* TASK INSTRUCTIONS: Exactly as they appear below, repeat the lines from the one with "Rocia Women Embellished" through the one with "The Outdoor Plus". Drop every picture.

───── INFORMATION PROVIDED ─────

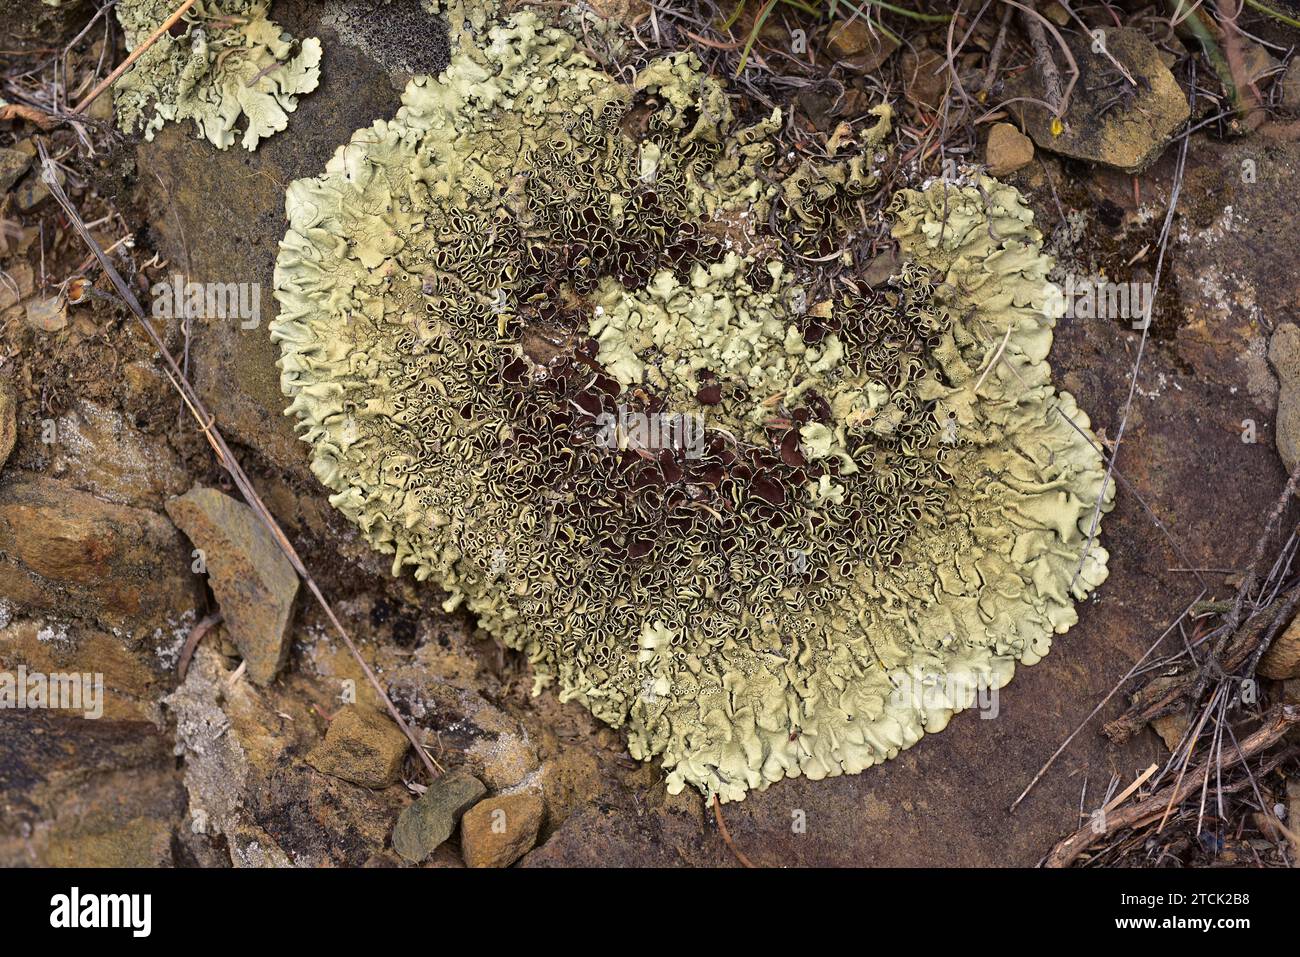 Xanthoparmelia conspersa or Parmelia conspersa is a foliose lichen that grows on siliceous rocks. This photo was taken in La Albera, Girona province, Stock Photo
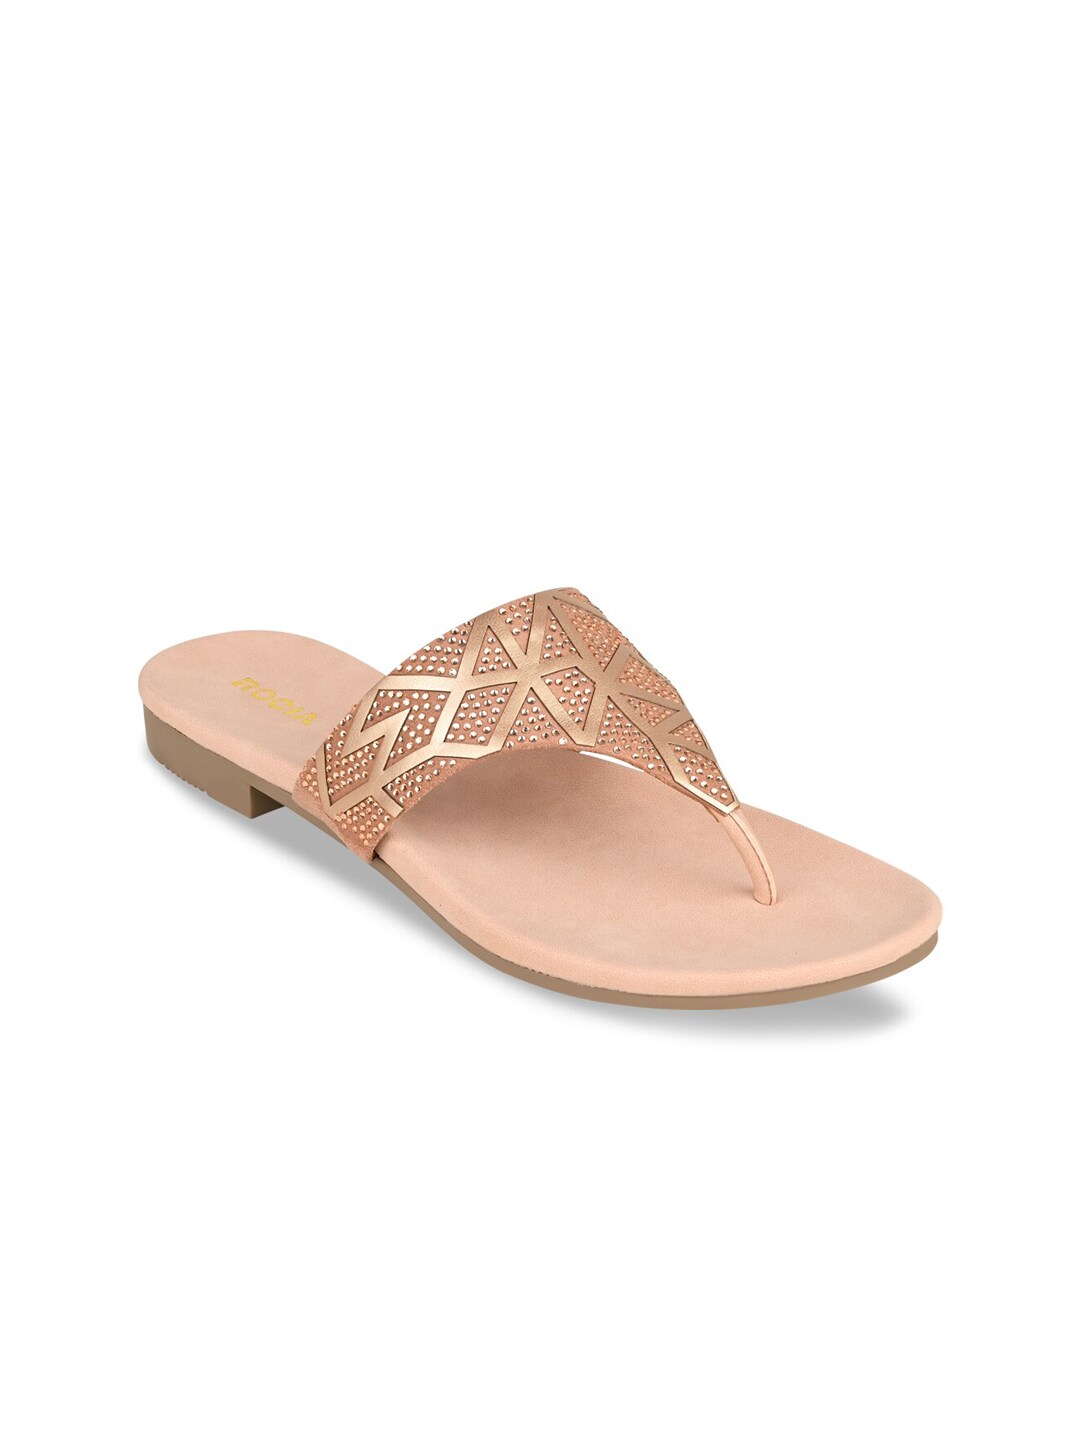 Rocia Women Embellished Ethnic T-Strap Flats Price in India
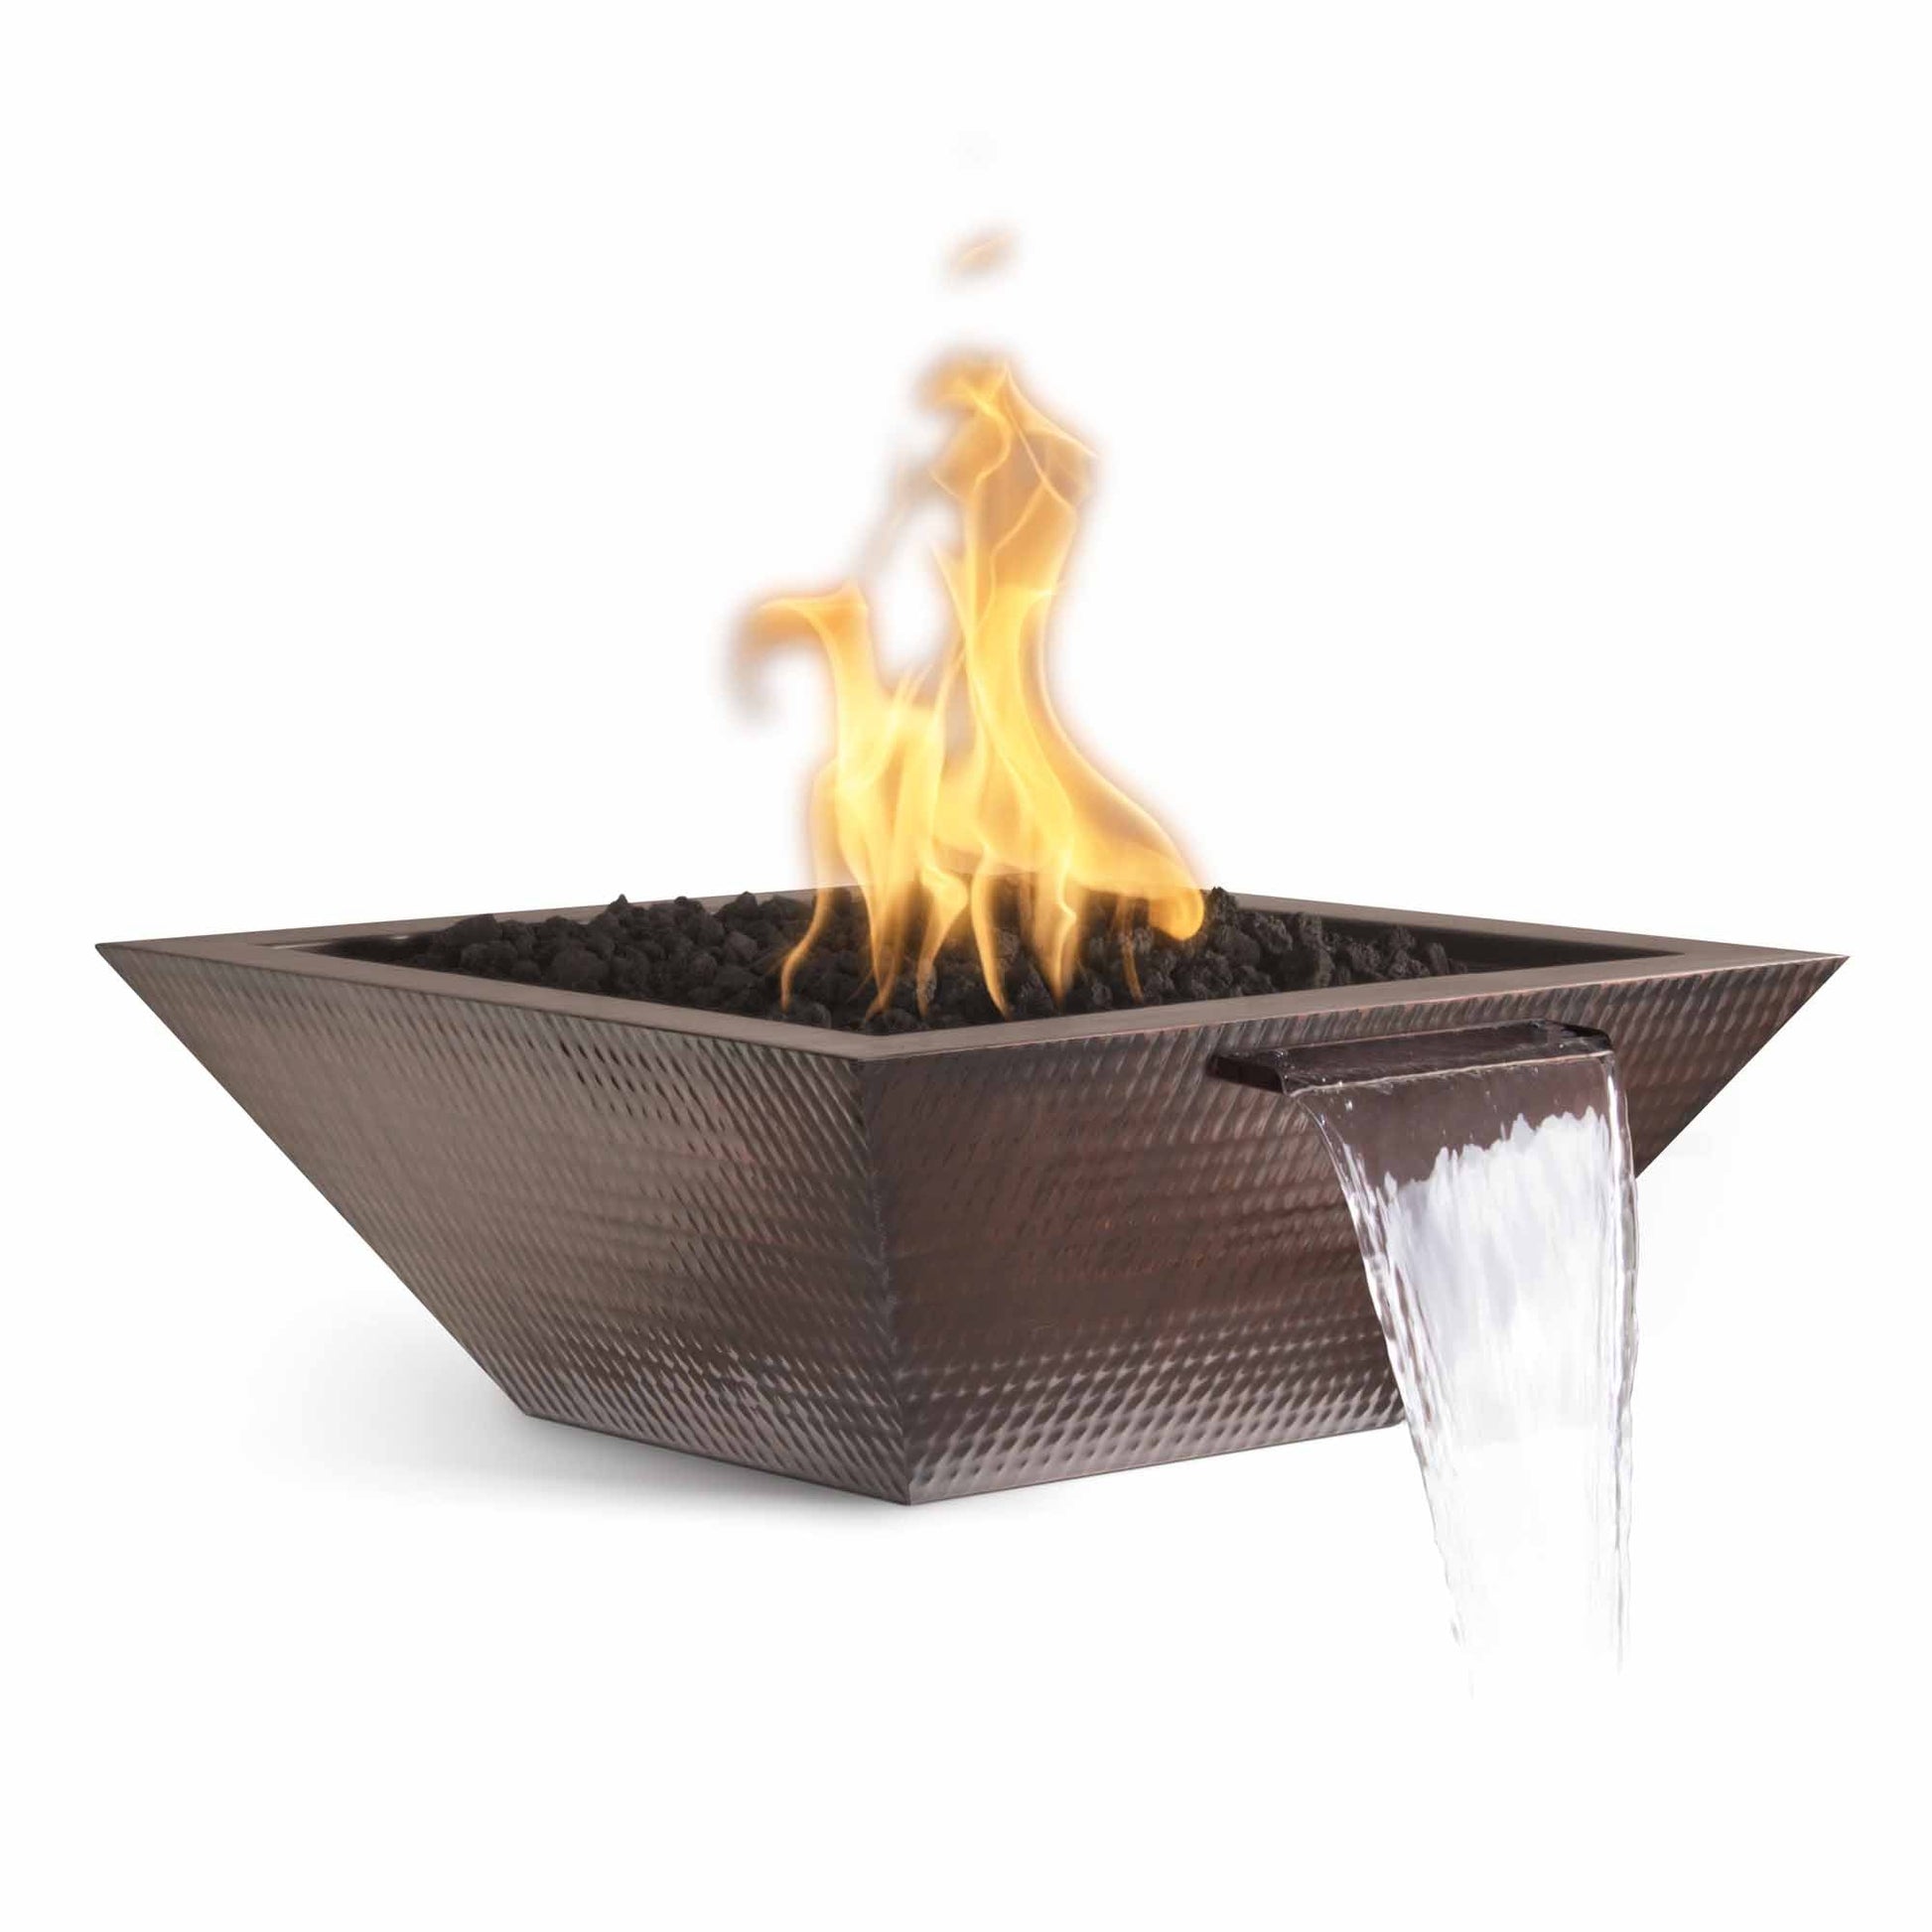 The Outdoor Plus Square Maya 24" Copper Liquid Propane Fire & Water Bowl with Match Lit with Flame Sense Ignition
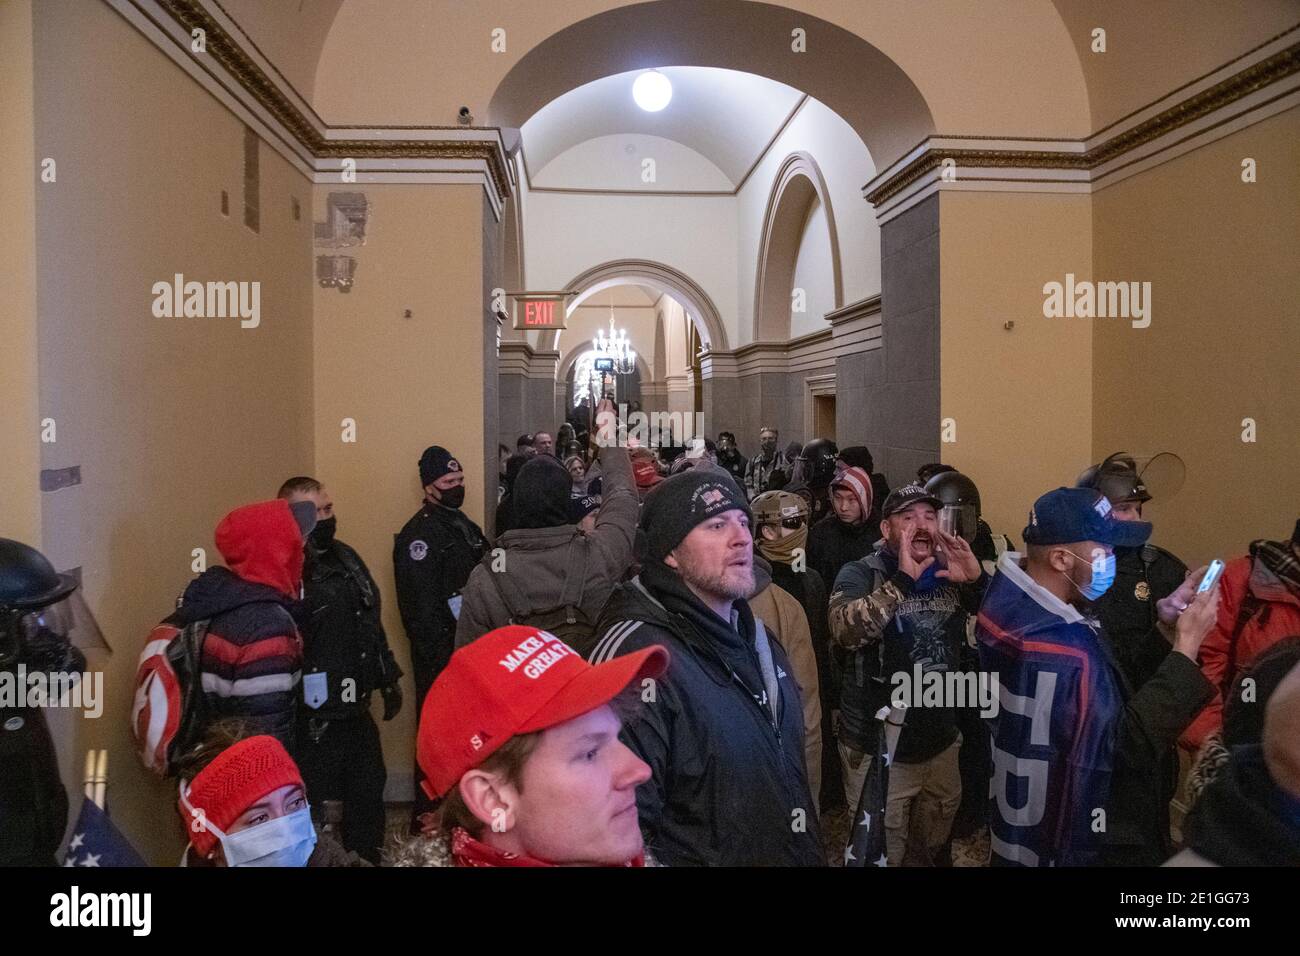 Washington, USA. 06th Jan, 2021. Supporters of President Trump storm the United States Capitol building in Washington, DC on January 6, 2021. The joint session of the House and Senate was sent to recess after the breach as it convened to confirm the Electoral College votes cast in November's election. (Photo by Matthew Rodier/Sipa USA) Credit: Sipa USA/Alamy Live News Stock Photo

─────

* EXERCISE SOLUTION:
 Rocia Women Embellished Ethnic T-Strap Flats Price in India
 The Outdoor Plus Square Maya 24" Copper Liquid Propane Fire & Water Bowl with Match Lit with Flame Sense Ignition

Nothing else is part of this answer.